Страница 6 из 9
***
Был теплый летний вечер. Солнце село за горизонт, но небо еще горело на западе золотом и багрянцем. Светлые сумерки окутывали сад. Маркус запер ворота и прошел по дороге к келье, занятый мыслями. Он вздрогнул и остановился, краем глаза приметив узкий силуэт на обочине. Легкий ветер шевелил складки черного бархатного плаща. Замеченный, он шагнул навстречу, снимая капюшон. На плечи упали пряди серых волос, и алые глаза захватили Маркуса – всего, разом. Лучистые, пронзительные и мягкие, обворожительно-прозрачные. Глядя в них невозможно лгать. Они были полны спокойствия и безмятежности, внимания и… доброты?.. Маркус непроизвольно отшатнулся, сглотнул ком в горле.
– Добрый вечер, – граф низко поклонился.

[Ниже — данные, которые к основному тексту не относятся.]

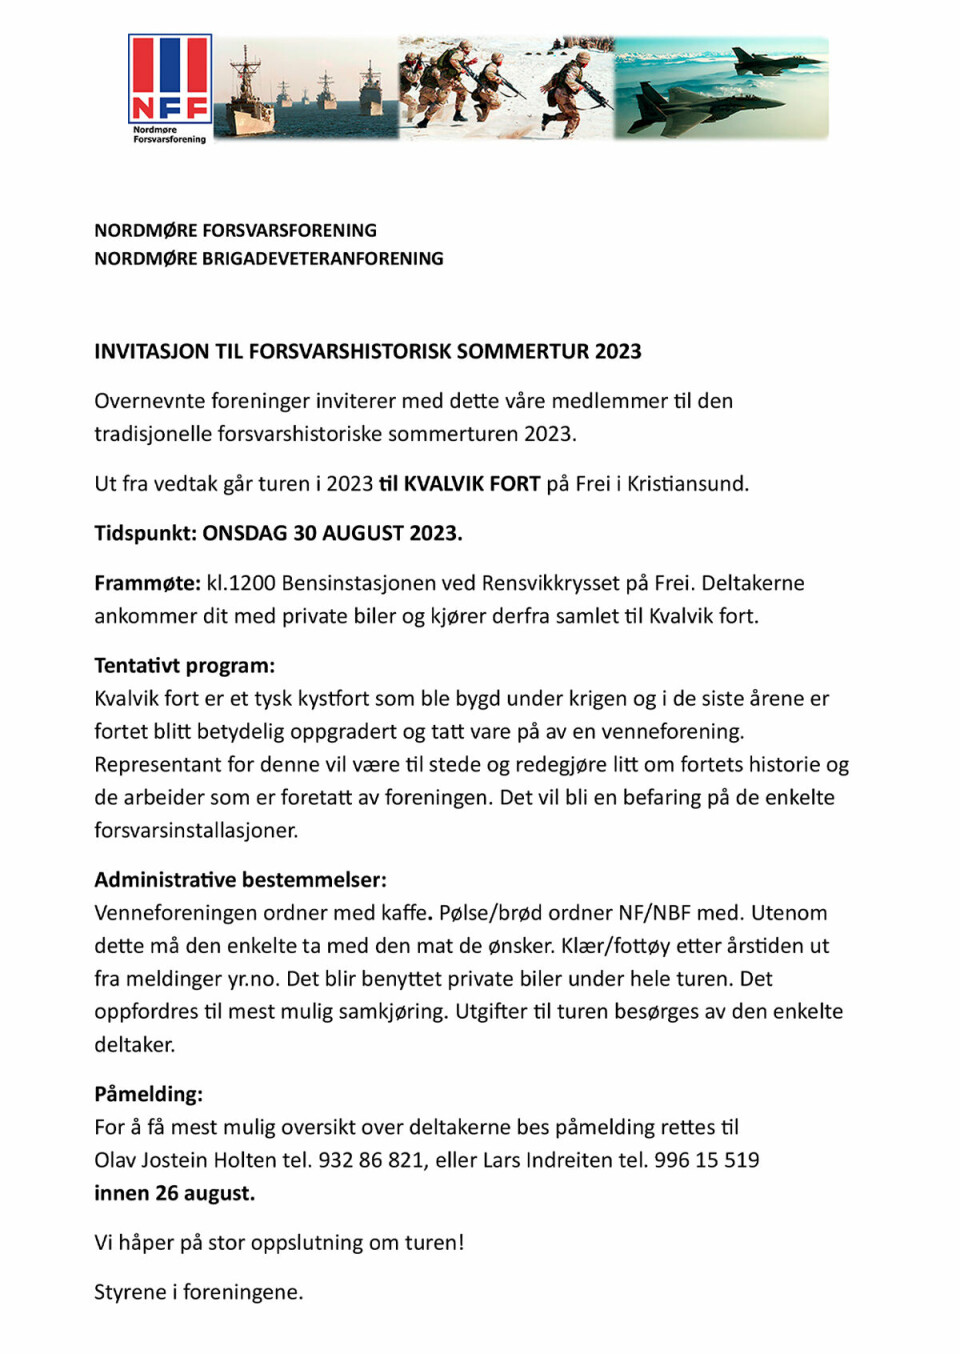 Invitasjonsplakat for forhistorisk sommertur 2023 fra Nordmøre Forsvarsforening

Маркусу показалось это смешным и старомодным. Он привык, что люди приветствуют друг друга едва заметным кивком или пожатием руки. – Простите, что не предупредил вас, что загляну к вам сегодня… Я – рыцарь Юлиус Ротмунд. Вероятно, вам уже жизнеописали в красках и меня, и историю становления Города, потому буду краток: прошу позволения познакомиться с вами. Горожане вас полюбили, а это многое значит. Я близко общался со всеми вашими предшественниками и, не скрою, пользовался их поддержкой. Мне чрезвычайно важно и почетно поговорить с вами о вас, ваших целях и вашем мнении о Городе. Если вы согласитесь уделить мне часть ночи на беседу – я буду счастлив. Если вам неприятен мой визит, и вы не хотите больше со мной видеться – я вас пойму и больше вас не потревожу.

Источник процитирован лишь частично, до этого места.